• _Collected data_
· · ·

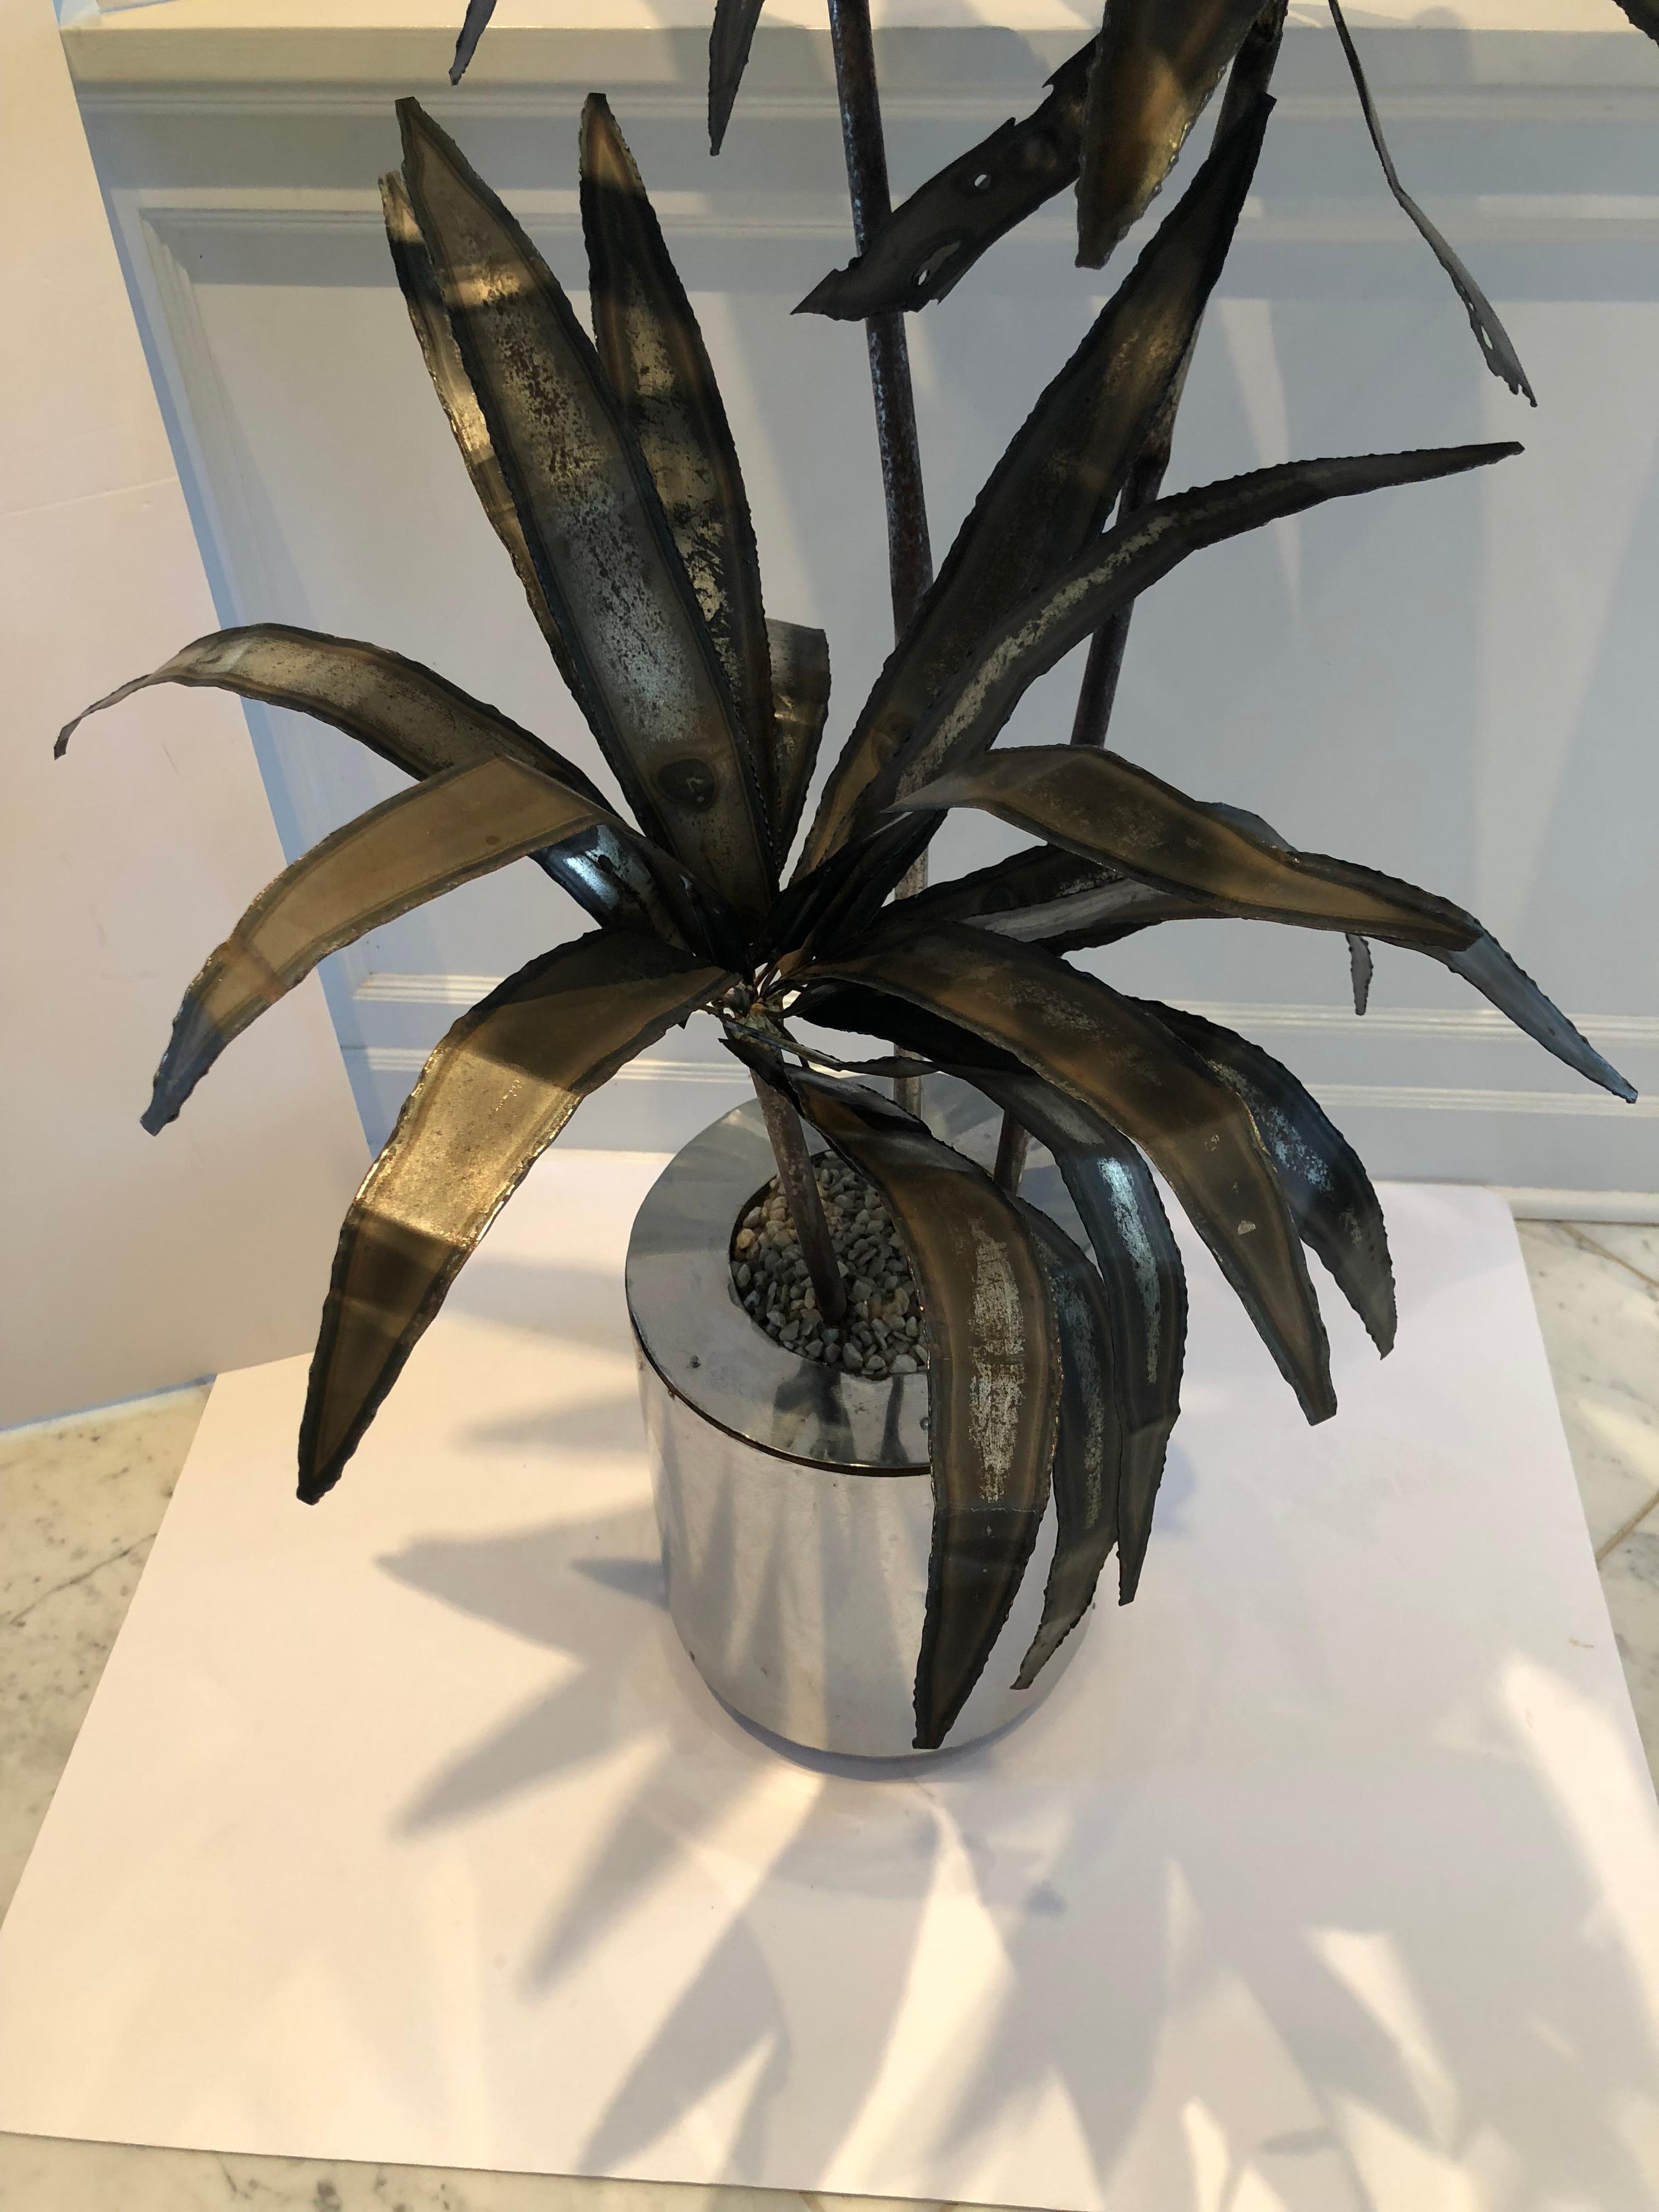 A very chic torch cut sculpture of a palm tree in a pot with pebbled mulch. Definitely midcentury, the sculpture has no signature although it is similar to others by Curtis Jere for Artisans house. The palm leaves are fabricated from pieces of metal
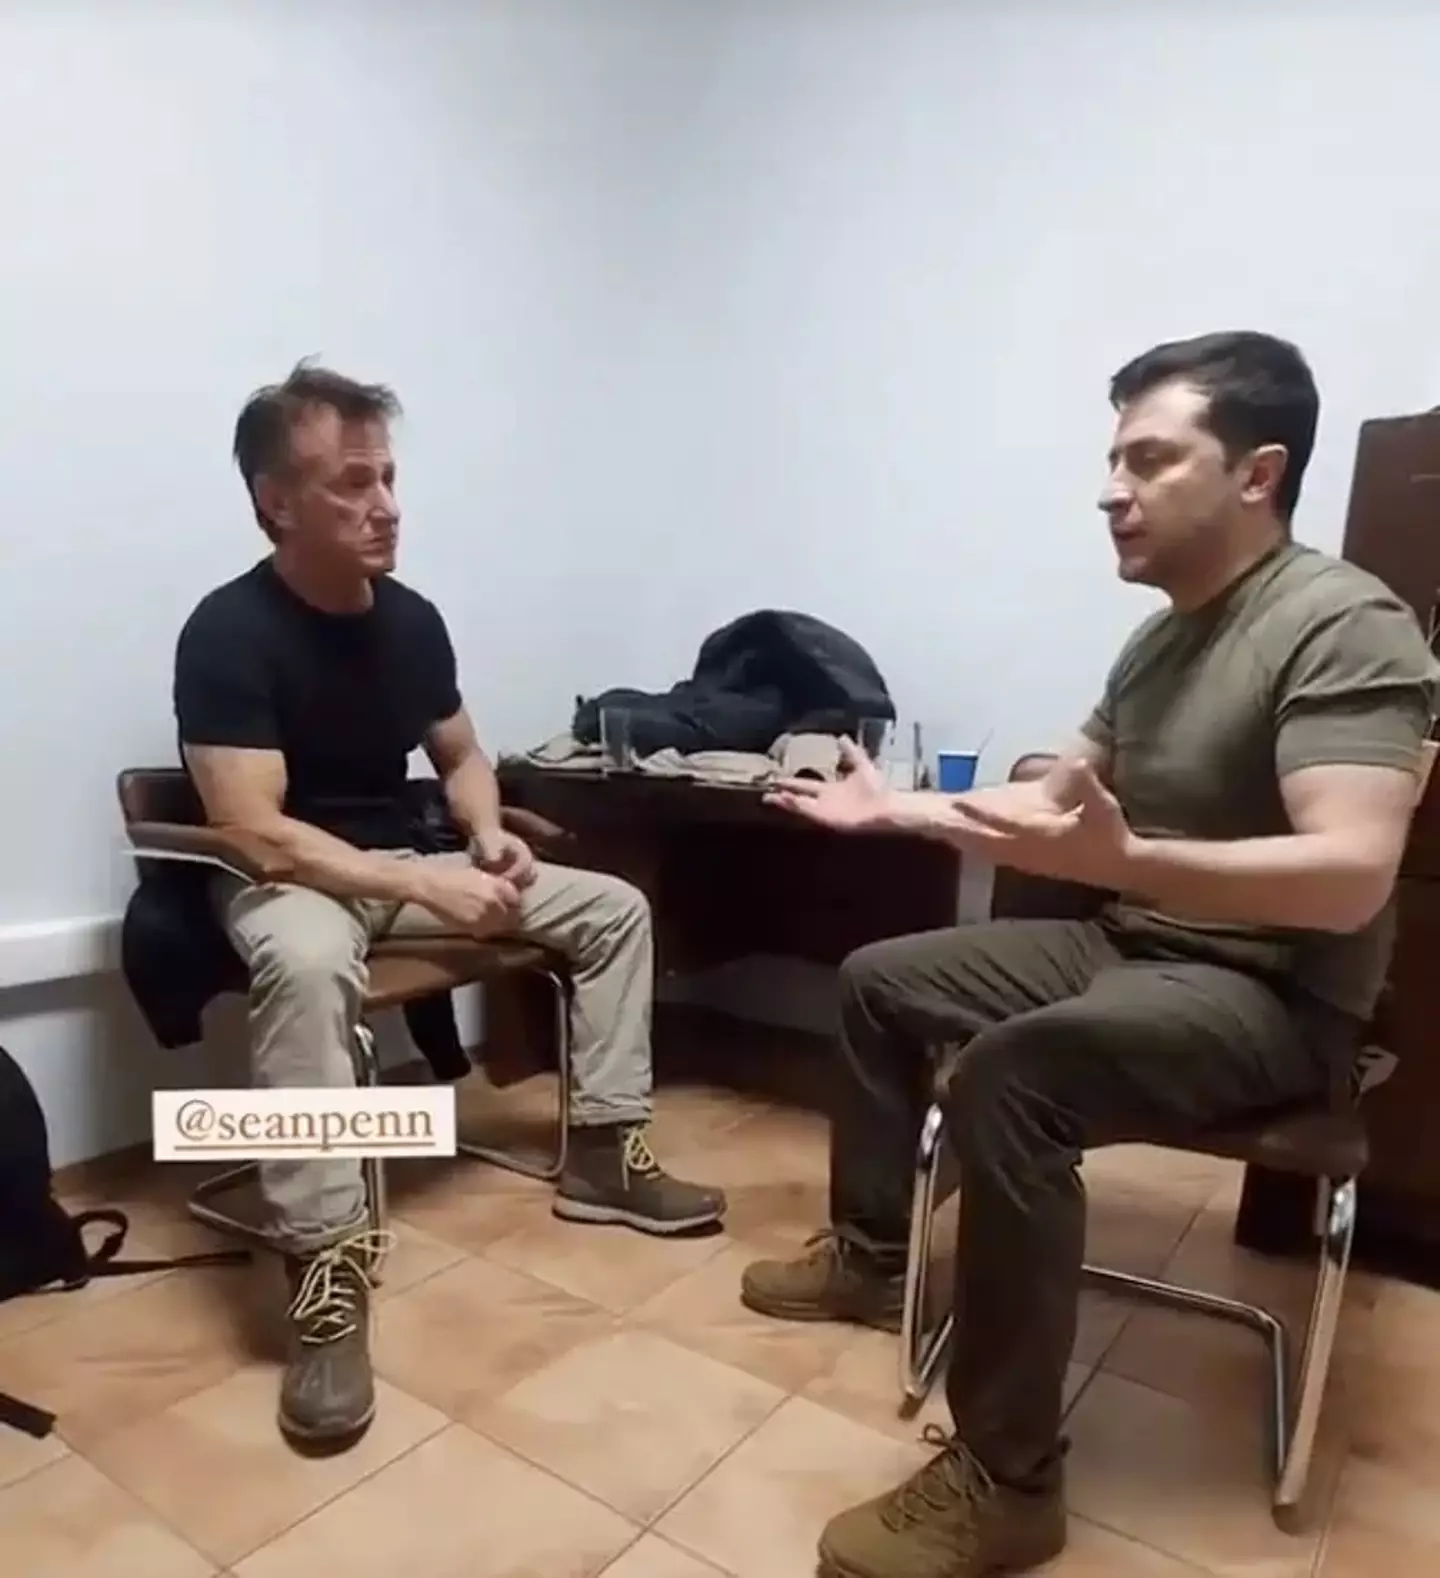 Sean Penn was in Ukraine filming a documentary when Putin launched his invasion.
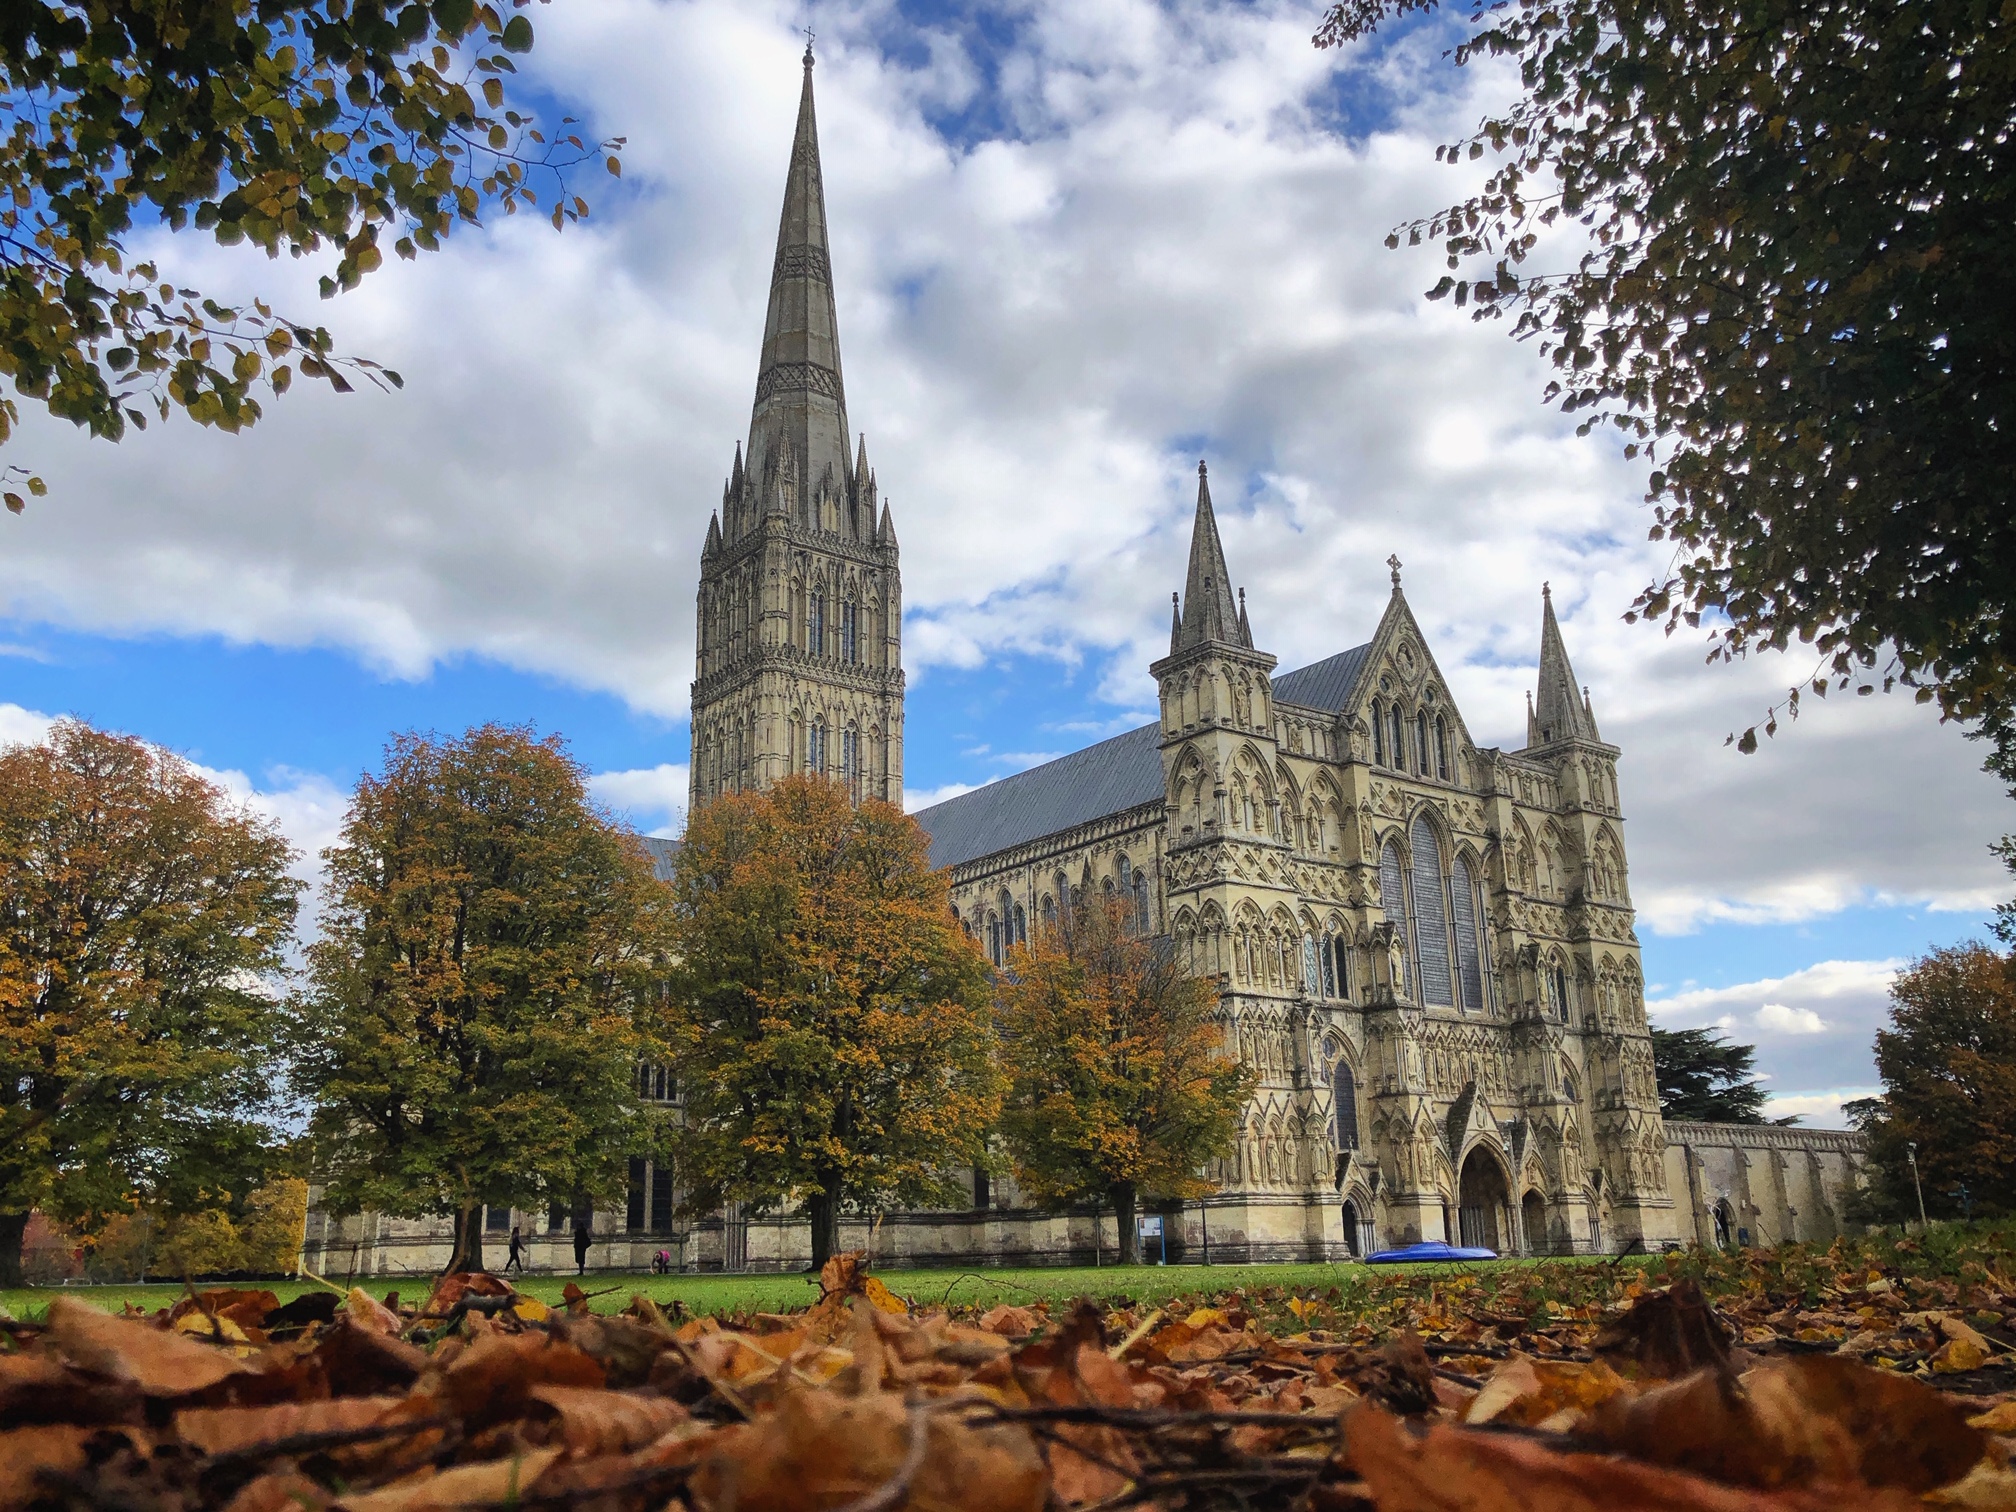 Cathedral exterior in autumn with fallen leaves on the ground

· · ·

• _Requirement_
Copy each line above exactly, with no images.

• _Solution to the exercise_
 A very chic torch cut sculpture of a palm tree in a pot with pebbled mulch. Definitely midcentury, the sculpture has no signature although it is similar to others by Curtis Jere for Artisans house. The palm leaves are fabricated from pieces of metal
 Sean Penn was in Ukraine filming a documentary when Putin launched his invasion.
 Cathedral exterior in autumn with fallen leaves on the ground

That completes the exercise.